The first process that is started at boot time has a job: it has to start all other processes, directly or indirectly. All processes¹ are ultimately descendants of this, since apart from the kernel running a program at boot time the only way a process gets created is that some process executed a system call to create a new process.

The process whose PID is 1 has a job: if a process dies while it has running child processes, the children's parent process ID is set to 1. When the children die, PID 1 should reap them, i.e. call the wait system call, otherwise a zombie of the child process stays behind.

The various programs called init (there are multiple implementations) perform both of these jobs.

The Linux kernel has a command line argument to change which executable is executed as the first process². It can be used to run any executable, but if that executable doesn't perform the jobs of init, the system isn't going to run normally. This feature is mostly used to enter a system repair mode, e.g. only running a shell on the console and nothing else.

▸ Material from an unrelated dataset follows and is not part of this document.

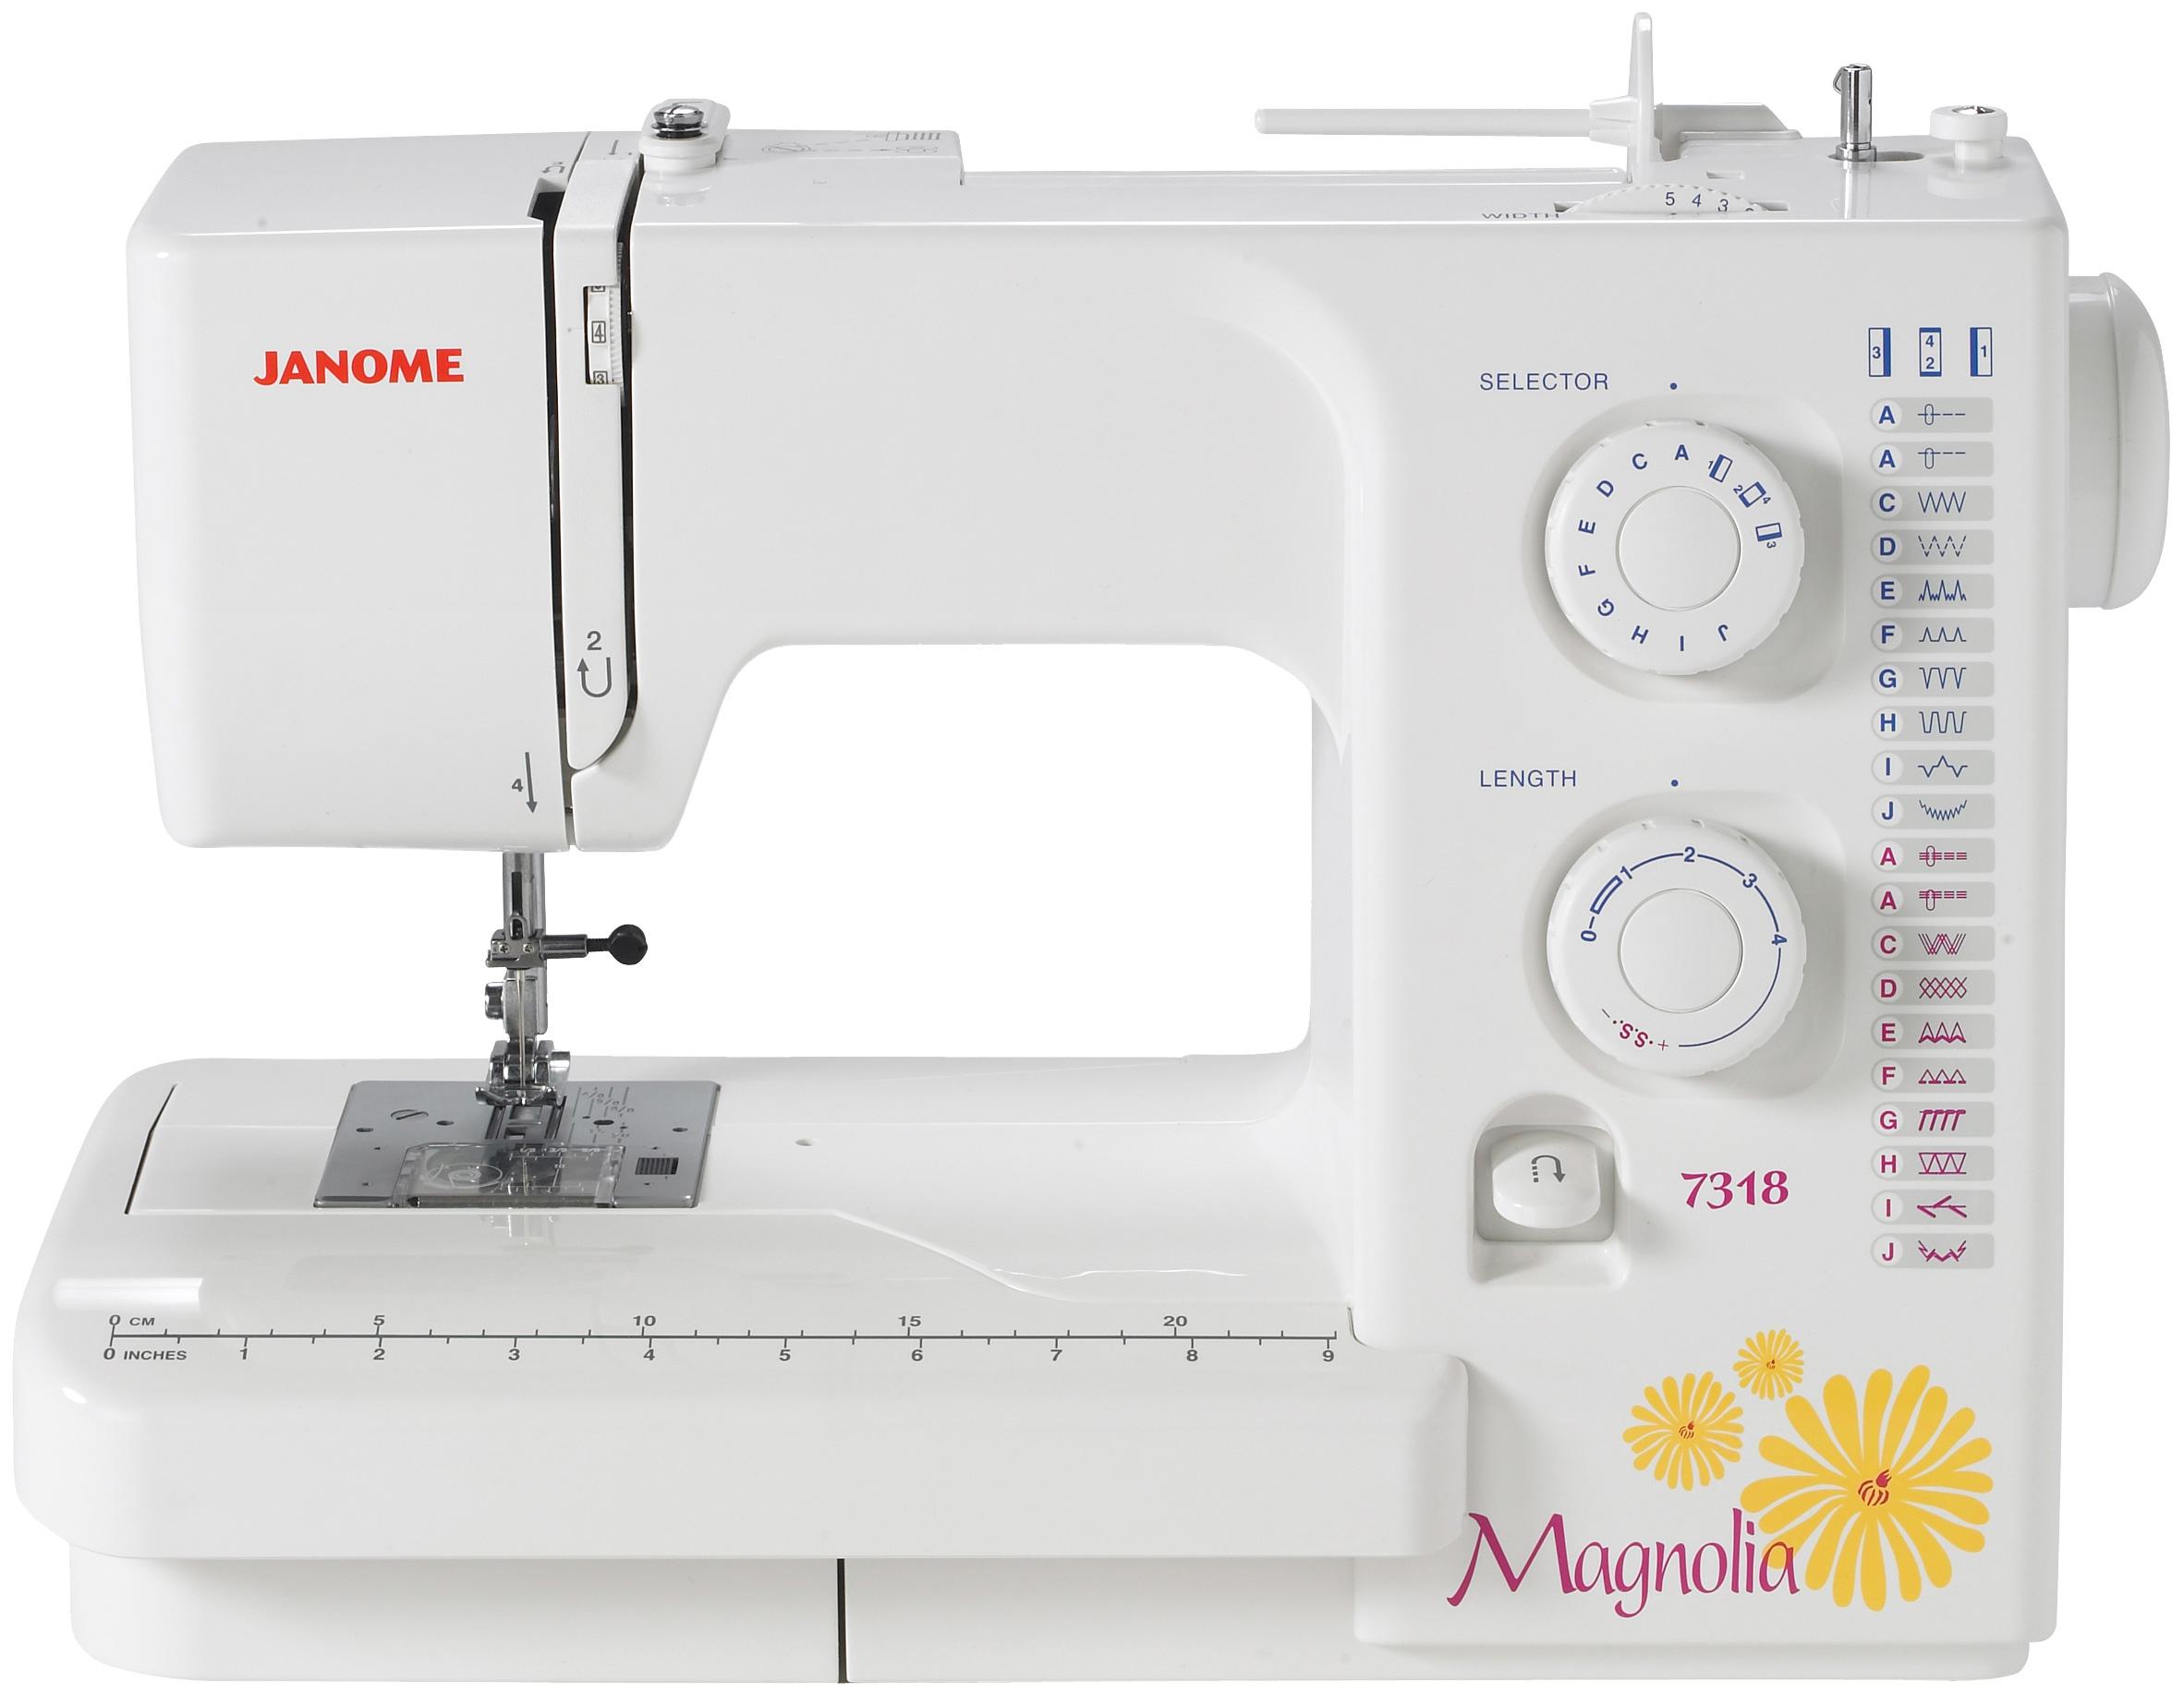 Refurbished Janome Magnolia 7318 Sewing Machine

Once the system has started normally, it is not possible to replace PID 1 because init doesn't die. Not only does init not die, because it's programmed to run forever (init is supposed to keep running until the system shuts down), but it even gets a special protection from signals that would kill other processes, such as SIGKILL.

Linux has a PID namespace feature that allows defining a subsystem with its own set of process IDs. The processes in a PID namespace have different PIDs when viewed from inside the namespace and from outside the namespace. The first process in the namespace gets PID 1 in the namespace. Outside the namespace it won't have PID 1 (unless init chose to enter a new PID namespace, but init doesn't do that because that would prevent it from doing its job).

¹ This isn't completely true, some kernels have other ways to launch a process. For example Linux launches modprobe when some hardware is discovered under certain circumstances. But descendants of init account for a vast majority of processes.
² First after the initramfs or initrd.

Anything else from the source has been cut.